**SUPPLIED INFORMATION**
---
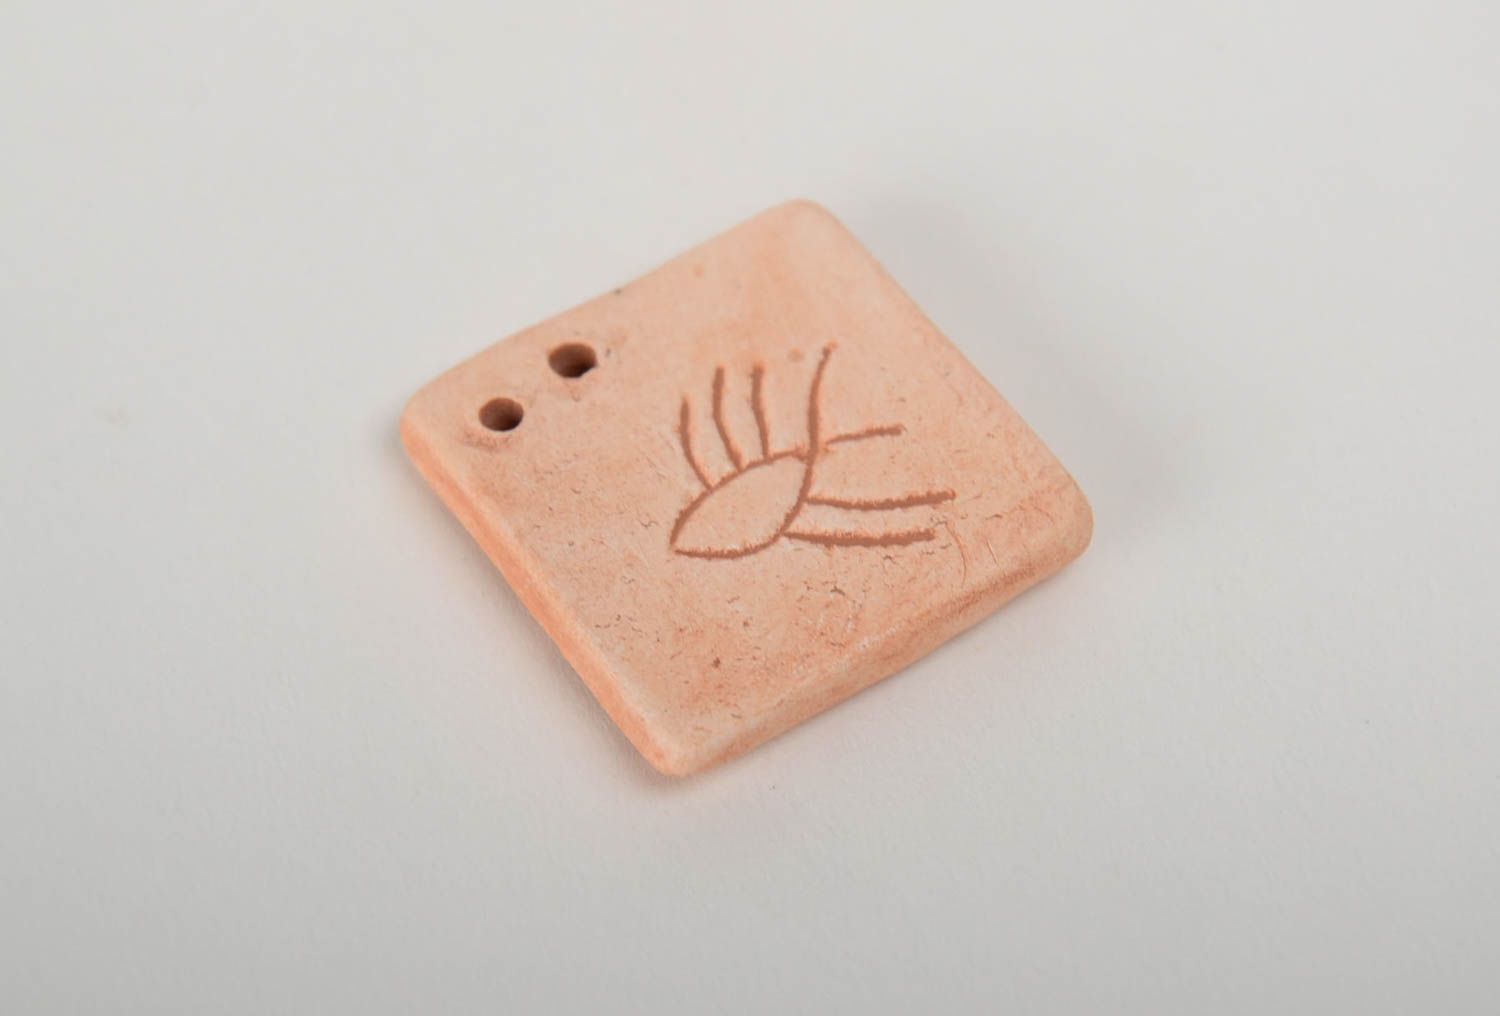 Square flat ceramic jewelry finding for painting and necklace or pendant making photo 3
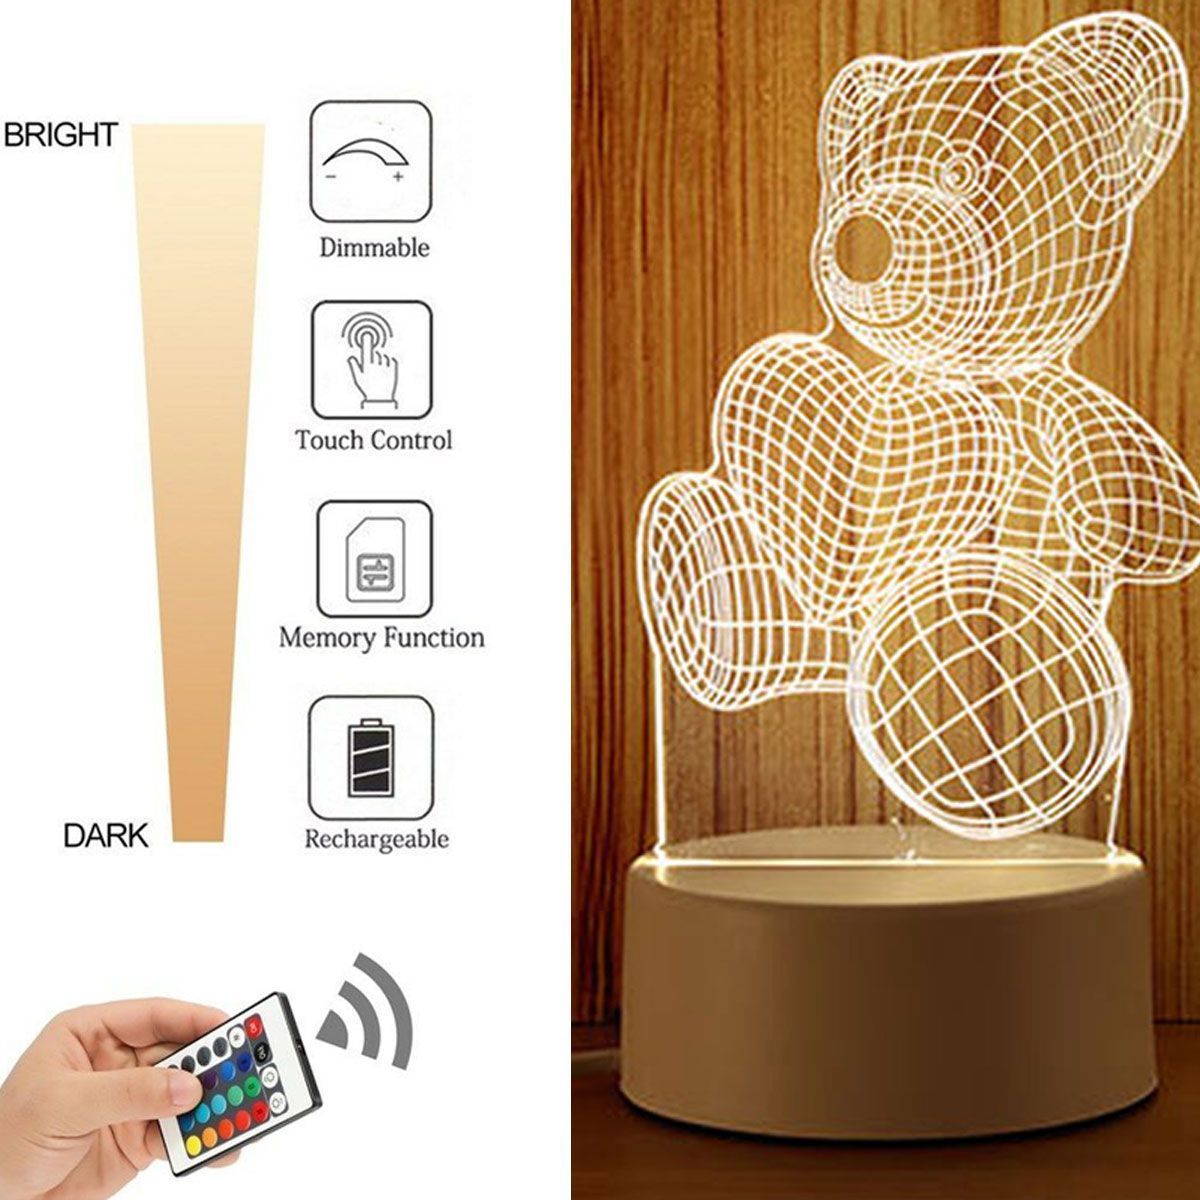 3D-LED-Table-Kid-Night-Light-Lamp-16-Color-USB-Bedroom-Child-Christmas-Gift-Remote-Control-1727573
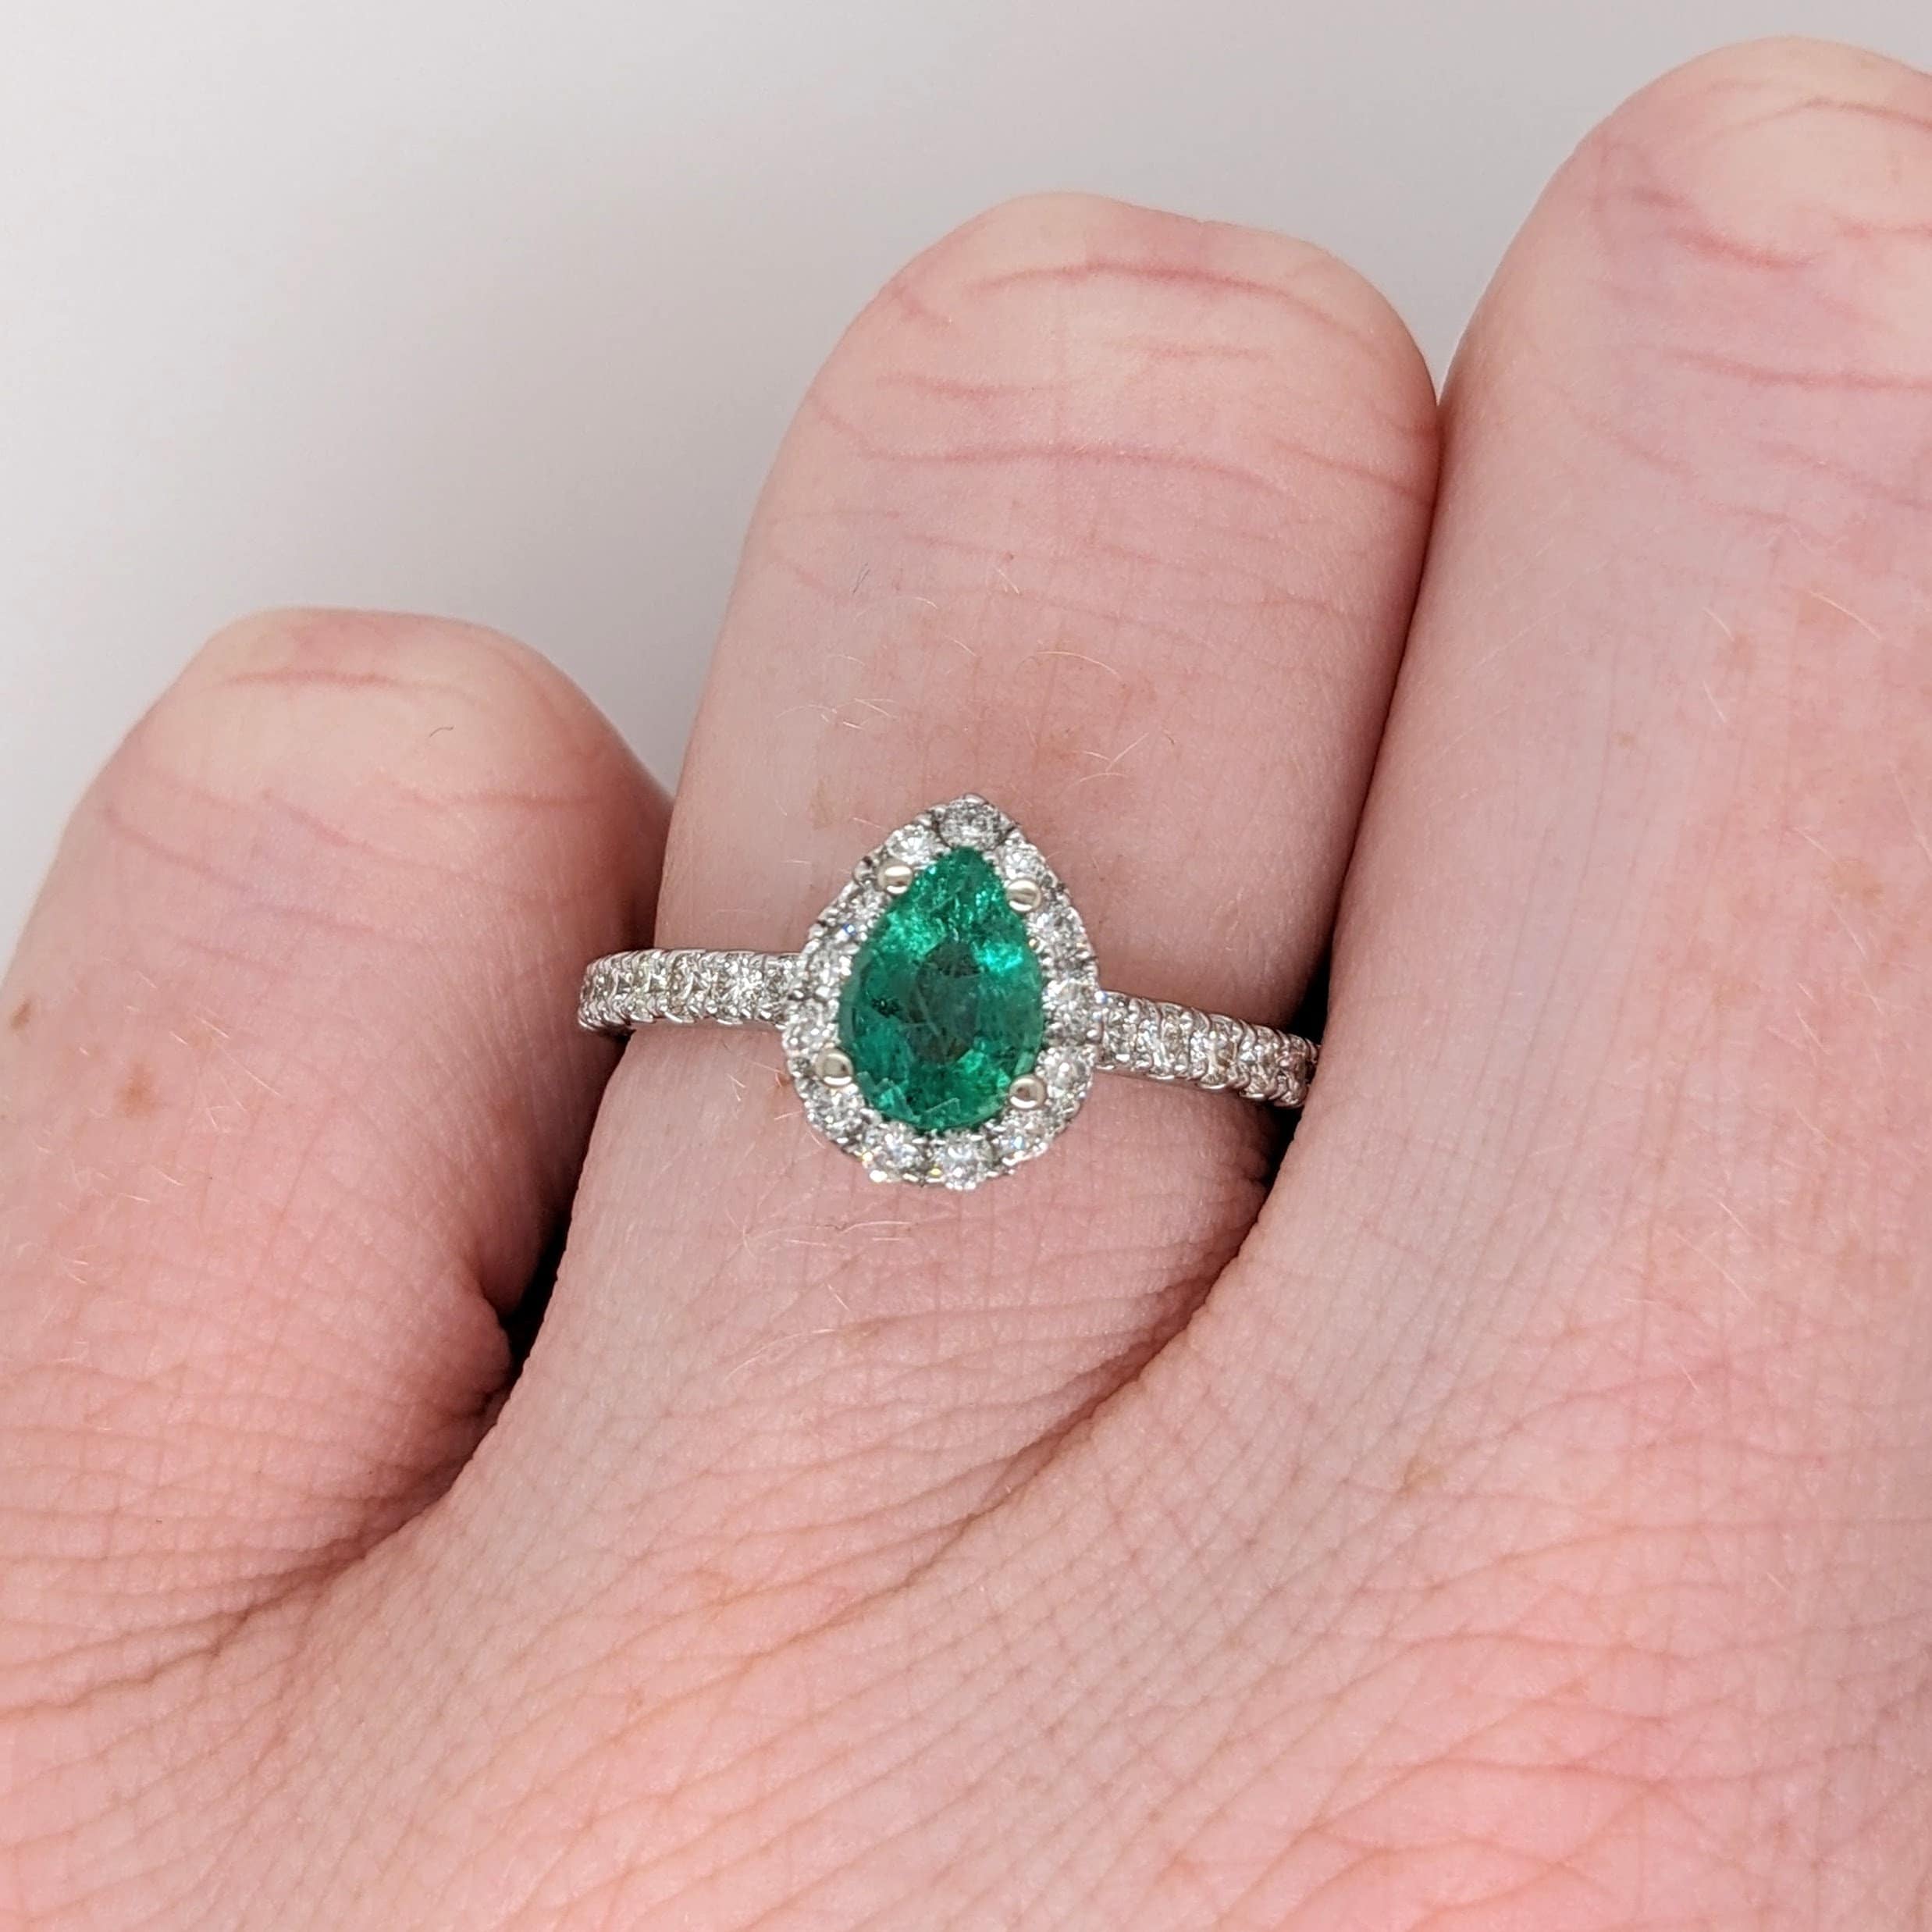 Pretty Emerald Ring in 14K Solid White Gold w a Natural Diamond Halo | Pear Cut 7x5mm | Engagement Ring | Statement Ring | May Birthstone |
---
**TASK BRIEF**
Give the preceding data back exactly, minus every picture.

**RESPONSE FOR THIS EXERCISE**
 Square flat ceramic jewelry finding for painting and necklace or pendant making photo 3
 3D-LED-Table-Kid-Night-Light-Lamp-16-Color-USB-Bedroom-Child-Christmas-Gift-Remote-Control-1727573
 Pretty Emerald Ring in 14K Solid White Gold w a Natural Diamond Halo | Pear Cut 7x5mm | Engagement Ring | Statement Ring | May Birthstone |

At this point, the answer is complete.